Угуллин всем наливал по полной чашке, гости выпили до дна и заторопились по домам. Константин поехал на конный двор. Распряг лошадей, поставил их на место. Зашел в домик конюхов, и тут его хорошее настроение сразу испортилось. Возле горячей печки сидела Чегесь. Волосы у нее были нечесаны, неряшливо торчали во все стороны, щеки ввалились, но губы были ярко накрашены. Несло от нее табаком. «Противная, как ворона. Как есть ворона со скотского кладбища», — подумал про себя Угуллин.

И правда, Чегесь очень была похожа на голодную ворону.

— На цигарку дай уж, жалко, что ли? — вымученно улыбаясь, клянчила она у Семьюна Мирски.

— Больше не проси. — Семьюн положил щепотку самосада на грязную ладонь Чегесь. — Нечего побираться. Ишь ты, навертываешь с черенок деревянной ложки.

— Дай на вторую цигарку, куплю — угощу, — протянула другую руку Чегесь.

Мирски не дал, свернул кисет и спрятал в карман.

— Возьми хоть пол вымой. Вон таз, тряпка.

— Я сюда уборщицей не нанималась. Согласилась караульщицей. И не распоряжайся, я тебе не жена.

Старик ушел, гулко хлопнув дверью. Чегесь хрипло расхохоталась, закашлялась. Сплюнула на пол, потянулась. «Придет весна, уеду в город. Зиму здесь помаюсь. Эх, дома топить нечем», — подумала она, растянулась на широкой скамье, заложила руки за голову. Сказала вслух обиженно:

— Будто я вся атрофированная. Никто на меня и не посмотрит… Наврал мне Мешков. Хвастал, что Шихранов на свое место вступит, житуха будет… Разве теперь его примут? Фигу его примут, теперь не то…

В сенях послышались шаги. Чегесь торопливо накинула на себя потертое пальтишко, повязалась старым шерстяным платком и вышла во двор. Больше всего она боялась старшего конюха Кирки Элексея.

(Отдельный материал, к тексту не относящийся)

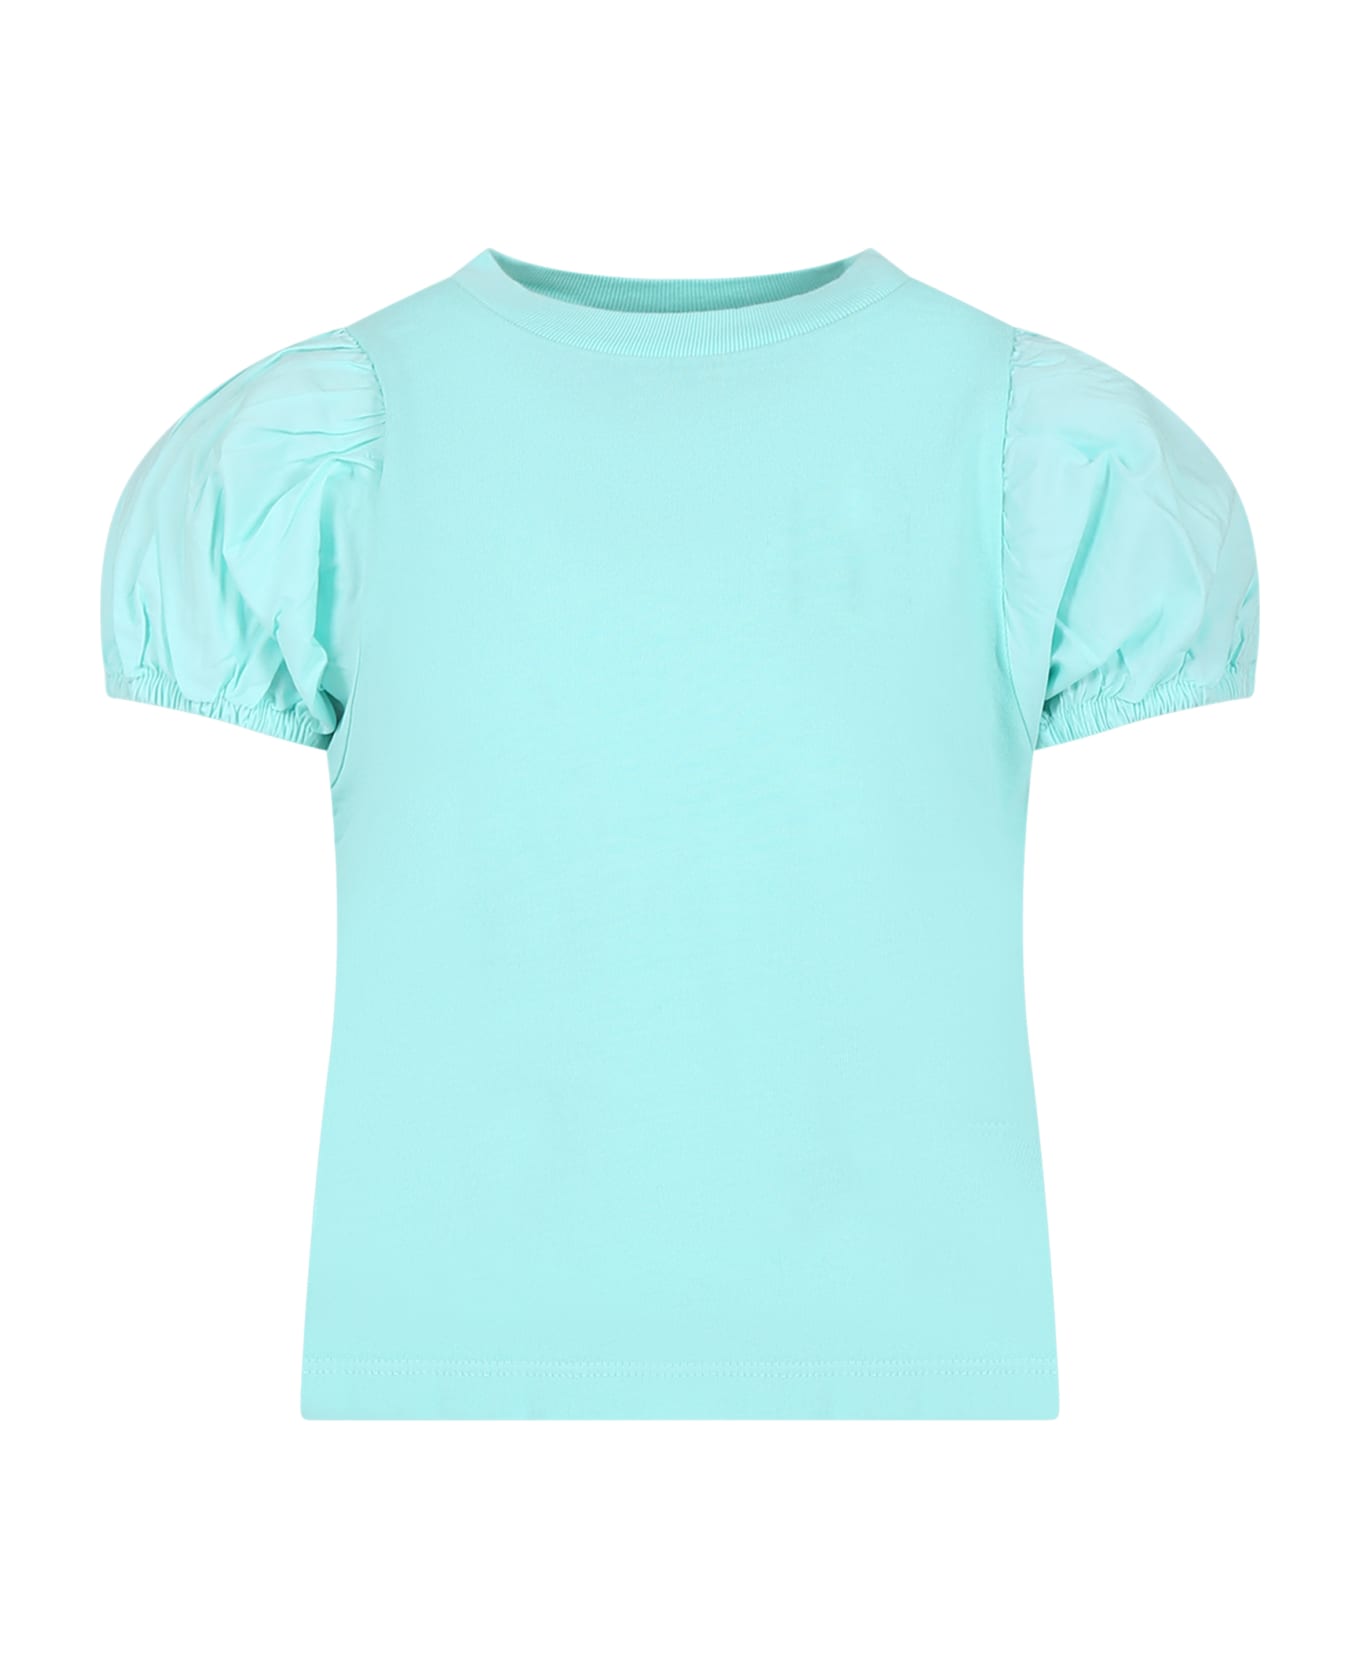 Molo Light Blue T-shirt For Girl With Print - Light Blue

Но старший конюх уже второй день был в Буинске. Поехал вместе с другими возчиками за мукой на механическую мельницу, куда еще за неделю перед тем отвезли на размол зерно. Чтобы ускорить дело, попросили поехать Ванюша. Оказалось, другим колхозам разрешили смолоть, а «Знамени коммунизма» отказывали под тем предлогом, будто зерно сырое. Он решил пойти к директору.

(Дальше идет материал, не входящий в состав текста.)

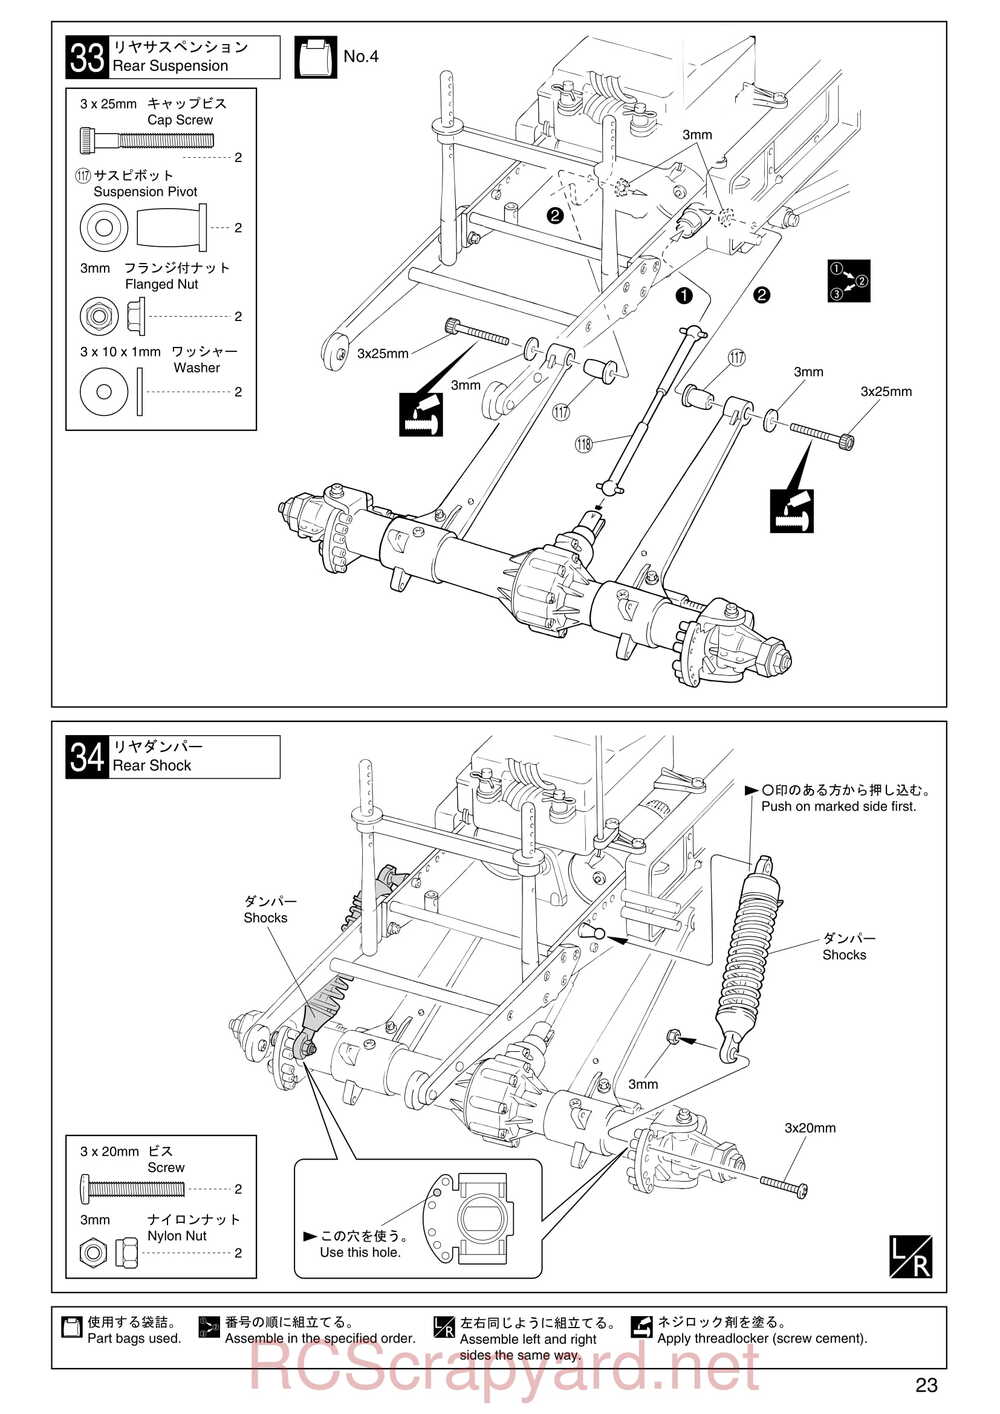 Kyosho - 30521b - Twin-Force - Manual - Page 23

В приемной толпился народ. Ванюш протолкался к дверям кабинета, прочитал золотом написанные слова: «Директор мехмельницы». Этикетка была совершенно новая.

Ерусланов постучал раз — не ответили, два, три раза, рассердился, вошел в кабинет без разрешения. Мебель там была вся новая, на полу постлан ковер. Устанавливали новый телефонный аппарат.

— Здравствуйте. — Ванюш удивленно замер, увидев перед собой за столом Митина. — Мне директора…

— Я теперь директор.

— Разве?.. Как это… — не сразу понял Ванюш.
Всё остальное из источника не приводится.